┌──

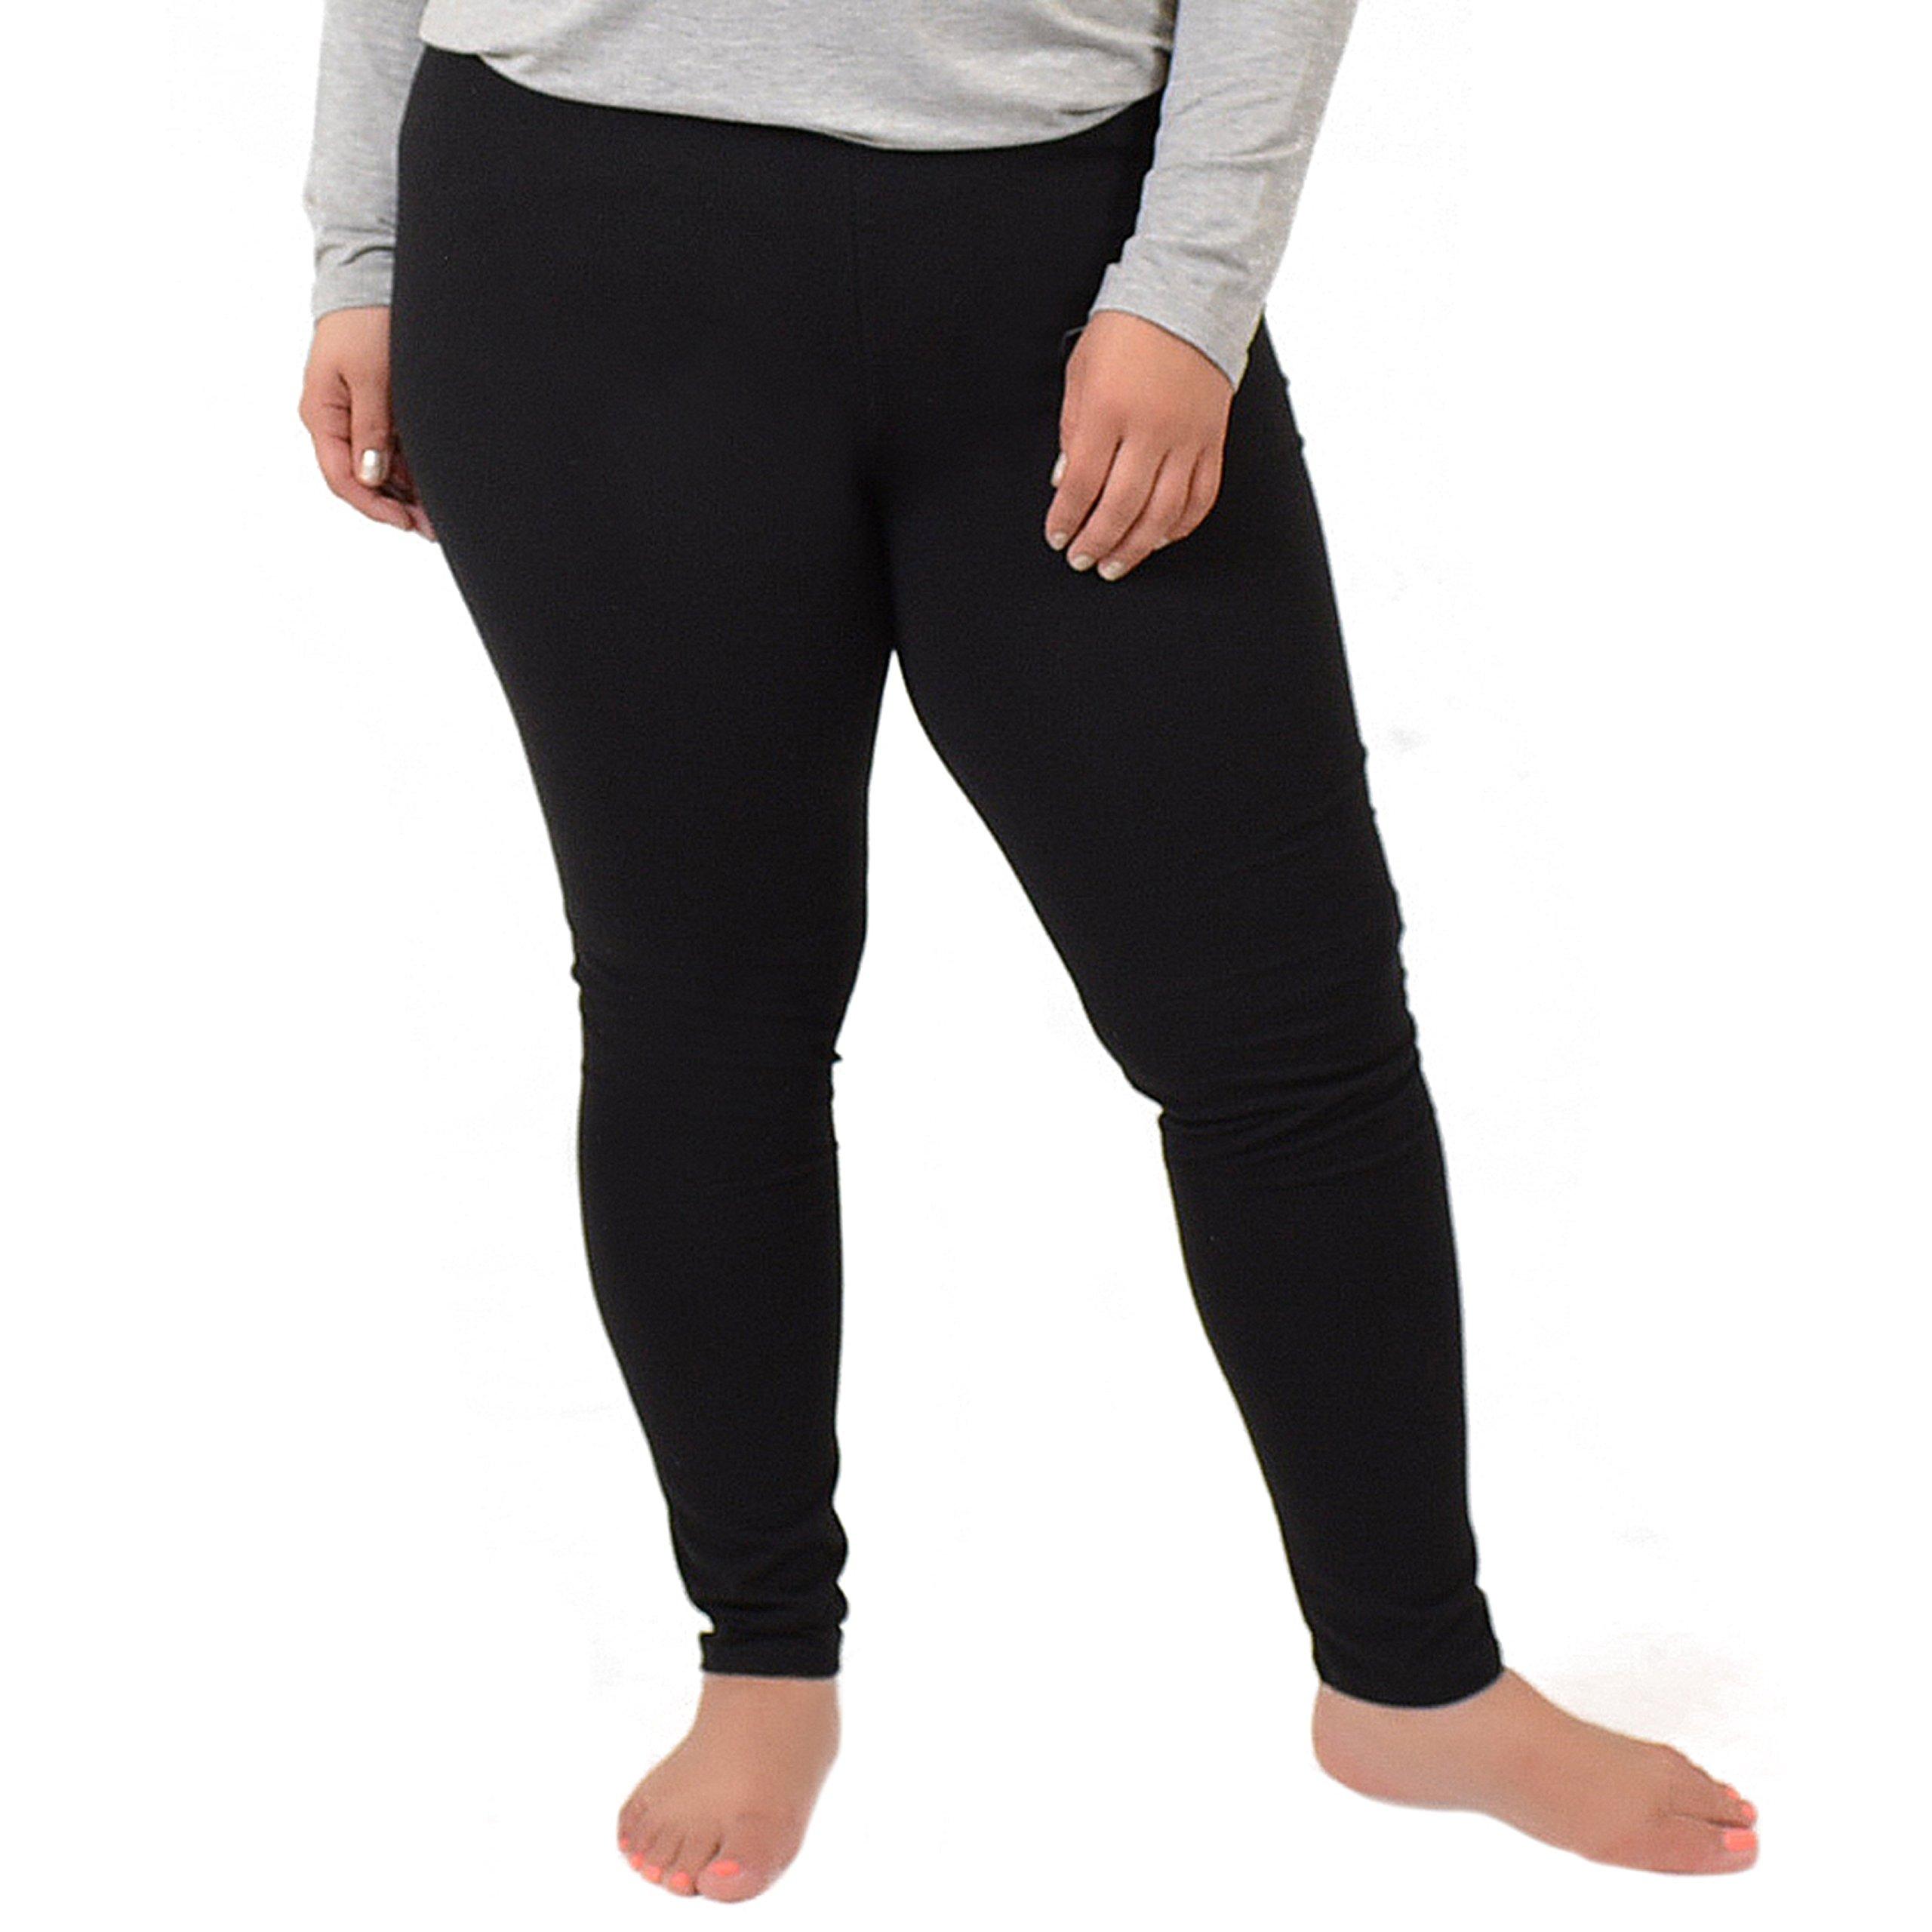 Stretch is Comfort Women's Plus Size Leggings Black X-Large
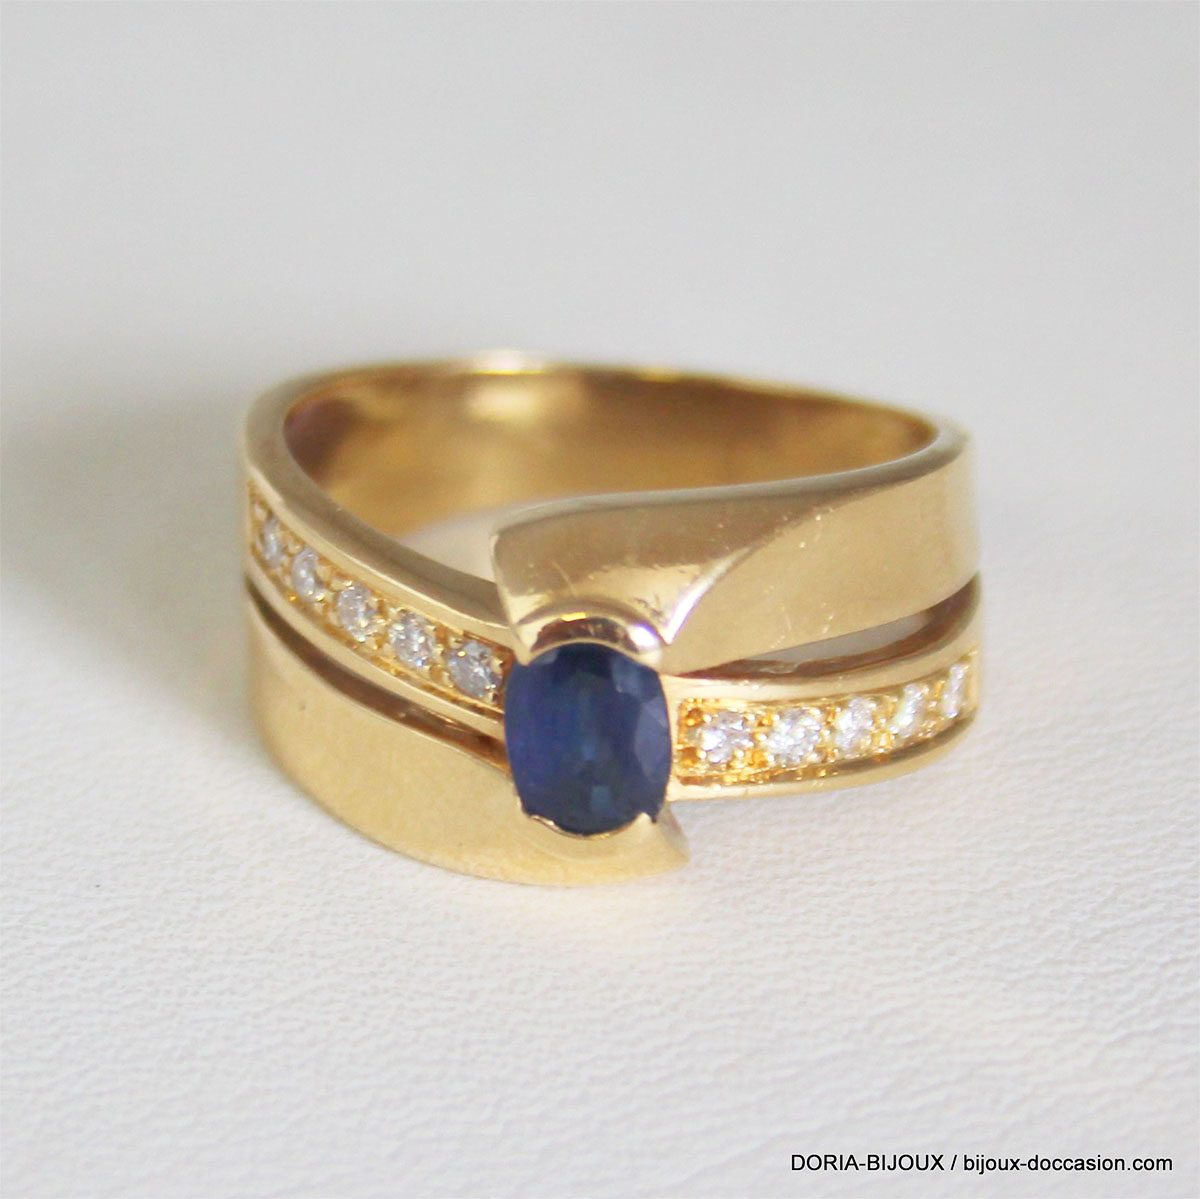 Bague Or 18k 750 Saphirs Diamants 5.7grs - 55
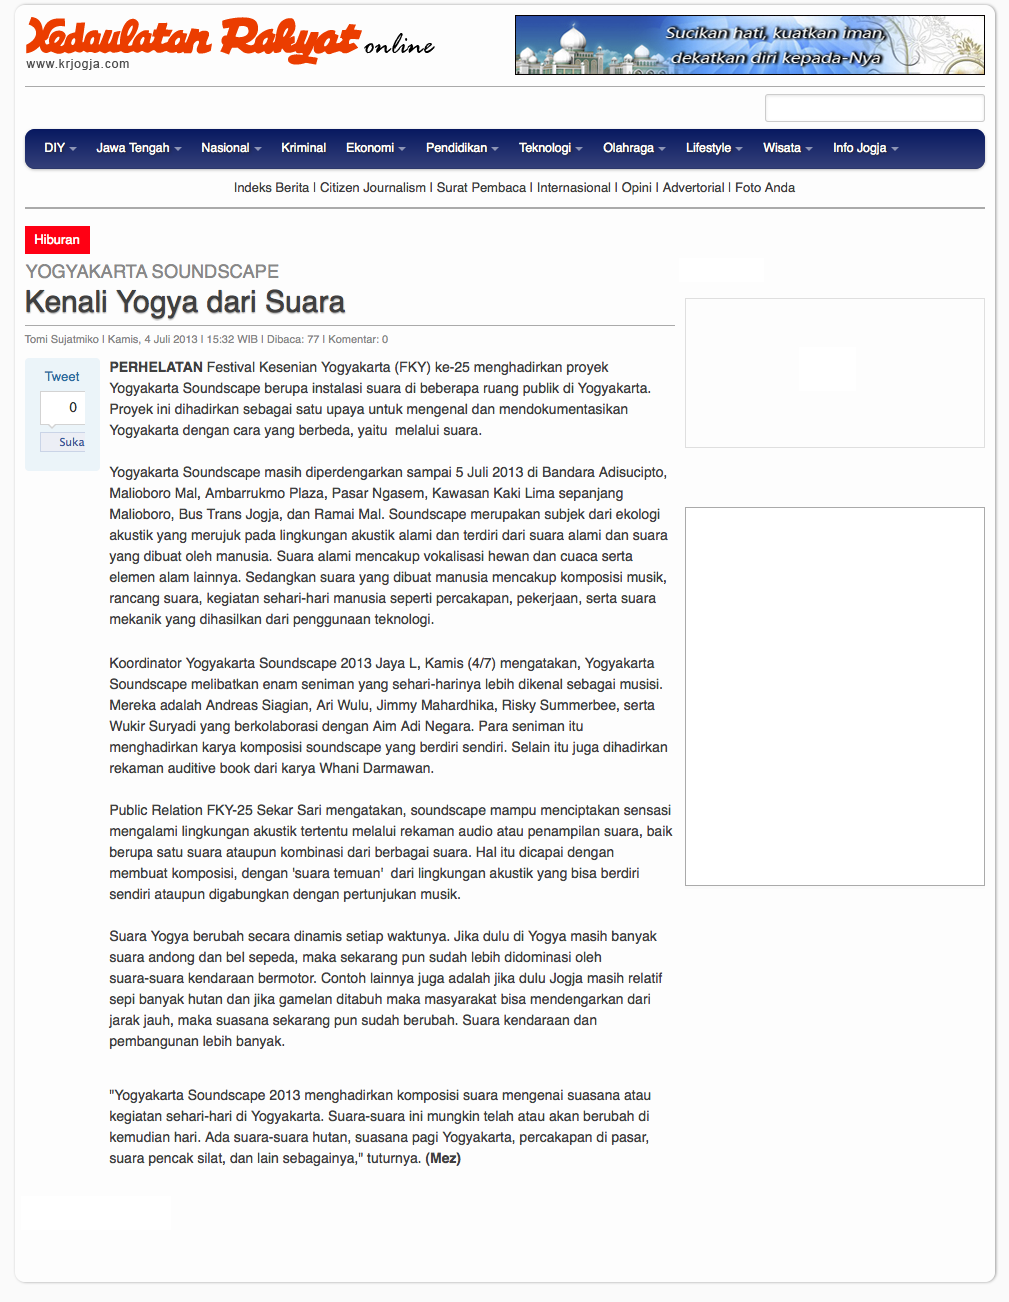 Yogyakarta Soundscape In Festival Kesenian Yogyakarta 2013 Article

└──

WHAT YOU HAVE TO DO: Line by line, return the listing above exactly, dropping every picture.

OUTPUT FOR THIS TASK:
 Stretch is Comfort Women's Plus Size Leggings Black X-Large
 Bague Or 18k 750 Saphirs Diamants 5.7grs - 55
 Yogyakarta Soundscape In Festival Kesenian Yogyakarta 2013 Article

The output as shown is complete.